- Conference: Independent
- Record: 5–1–2
- Head coach: Leon Kromer (1st season);
- Captain: Adam Casad
- Home stadium: The Plain

= 1901 Army Cadets football team =

American college football season

The 1901 Army Cadets football team represented the United States Military Academy as an independent during the 1901 college football season. In their first and only season under head coach Leon Kromer, the Cadets compiled a 5–1–2 record, shut out four opponents, and outscored all opponents by a combined total of 98 to 22. The team's only loss was by a 6 to 0 score against an undefeated Harvard team that has been recognized as a co-national champion for the 1901 season. The Cadets also tied with Yale (5–5) and Princeton (6–6). In the annual Army–Navy Game, the Cadets defeated the Midshipmen by an 11 to 5 score.

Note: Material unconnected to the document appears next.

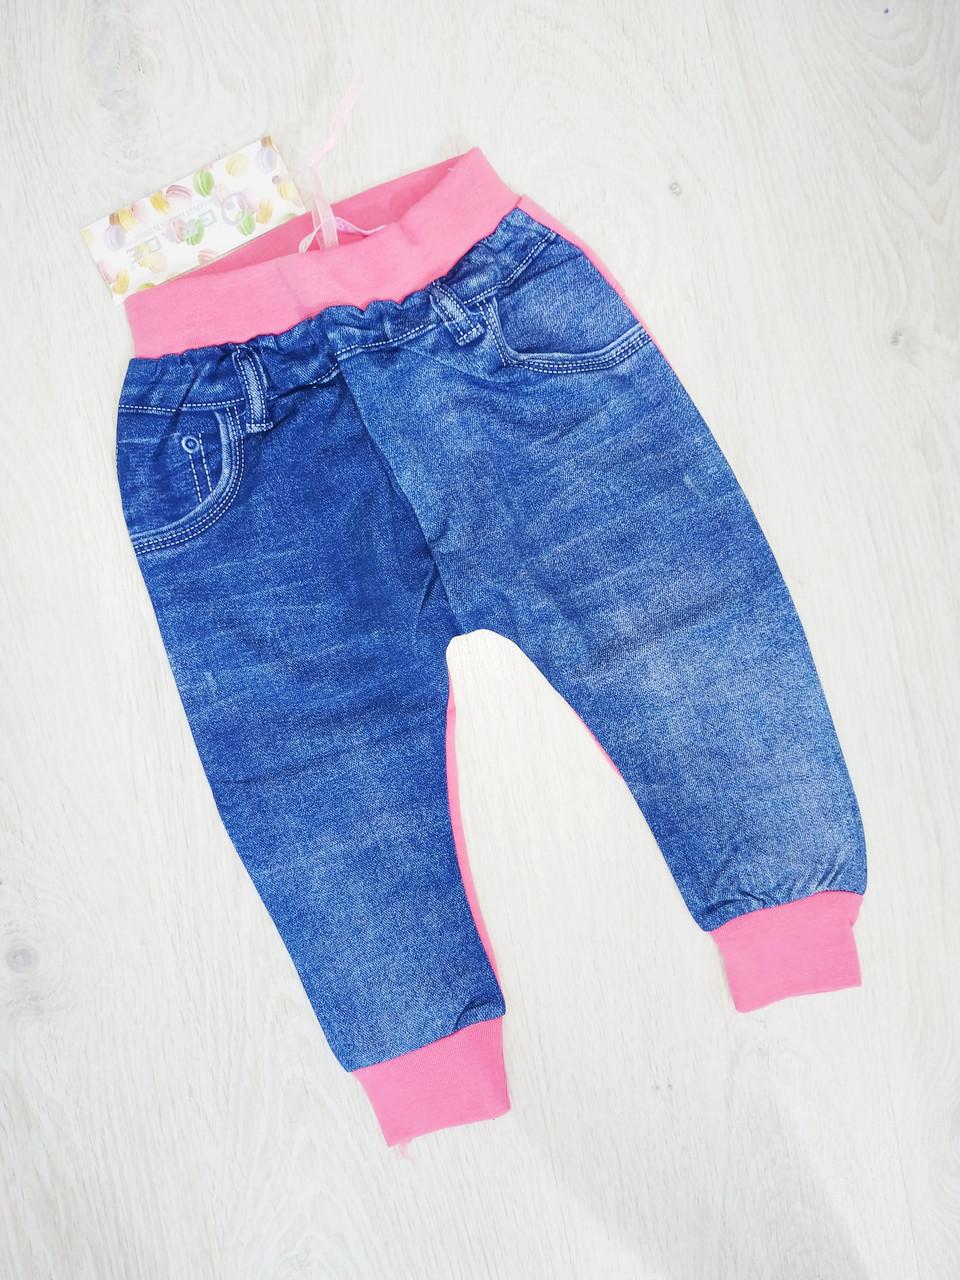 Спортивные брюки для девочки, Венгрия, Grace, арт. 50086, 86-104 см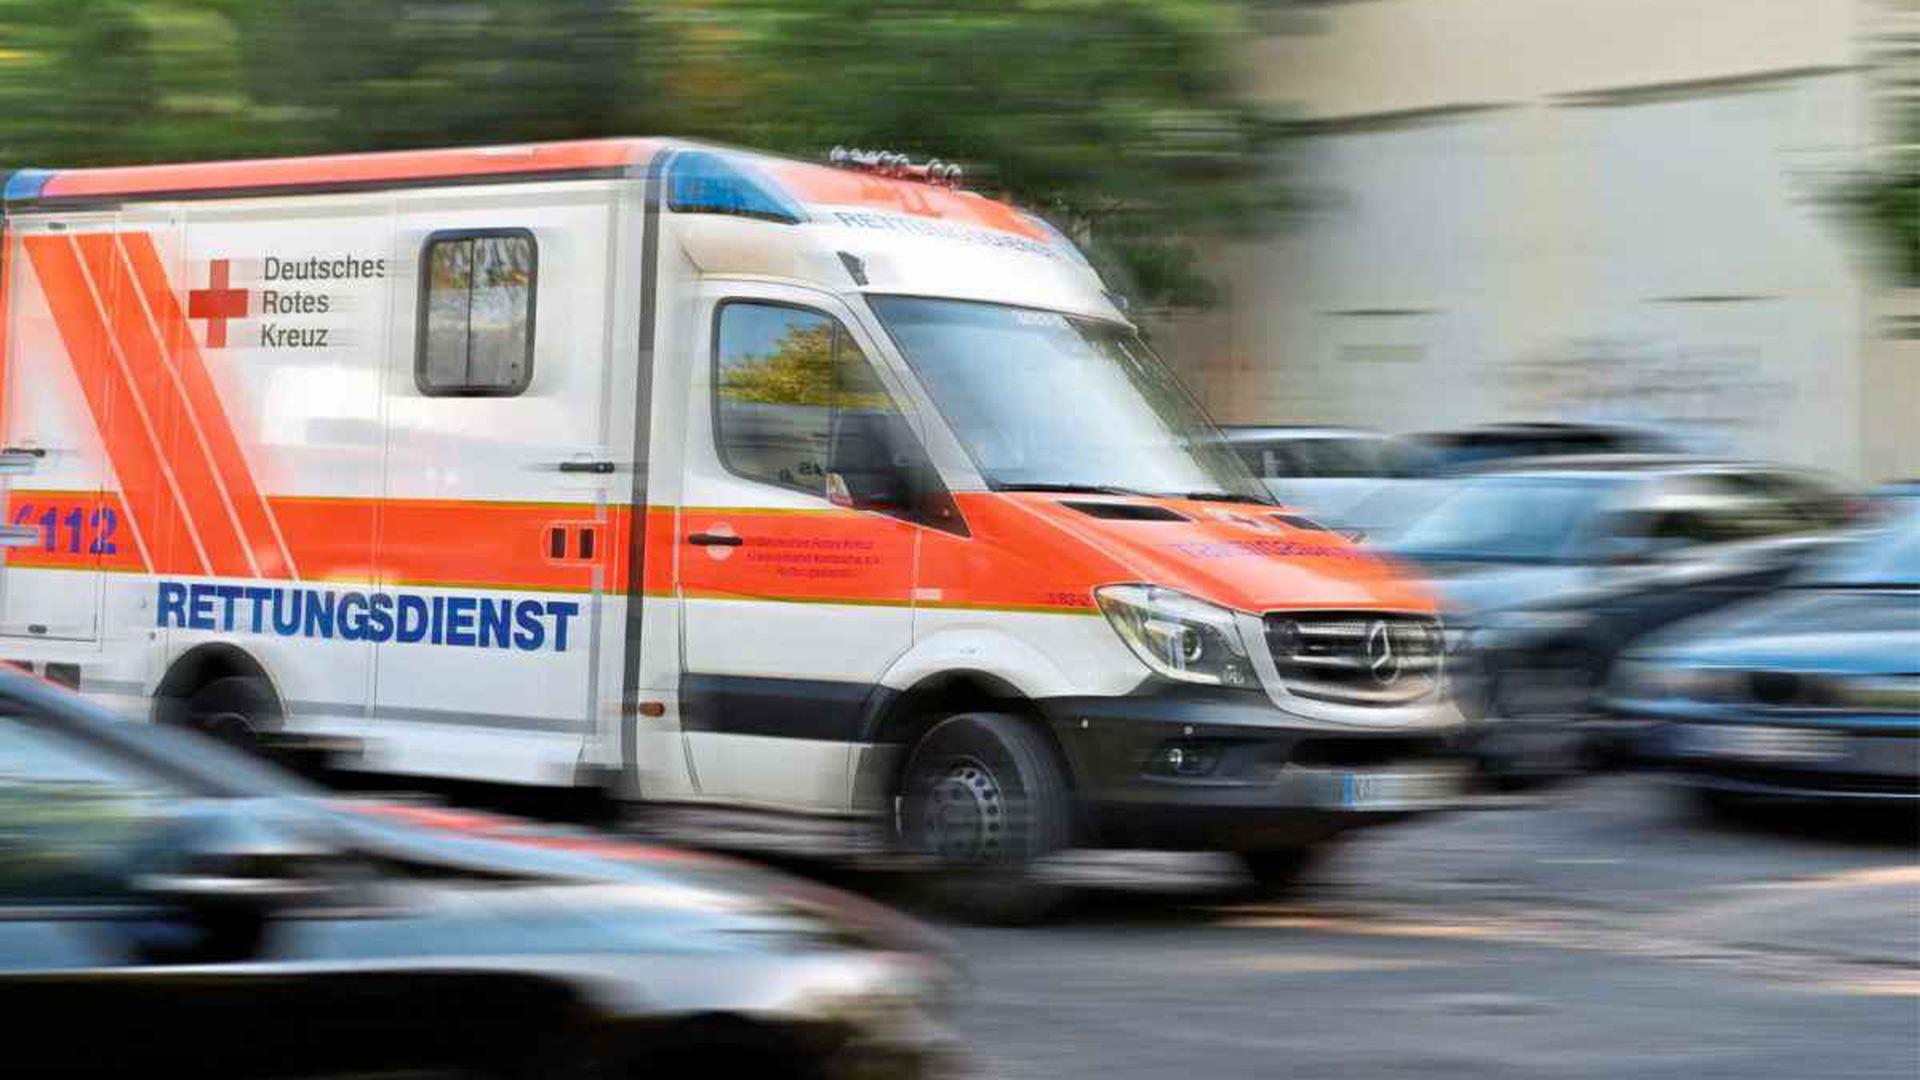 20 Jahriger Motorradfahrer Sturzt Und Stirbt Bei Unfall In Karlsruhe

Two members of the 1901 Army team have been inducted into the College Football Hall of Fame: quarterback Charles Dudley Daly and tackle Paul Bunker. Both are also recognized by the NCAA as consensus first-team players on the 1901 College Football All-America Team. Daly received first-team honors from Walter Camp, Caspar Whitney, the New York Post and The Philadelphia Inquirer. Bunker received first-team honors from Camp and the New York Post and second-team honors from Whitney.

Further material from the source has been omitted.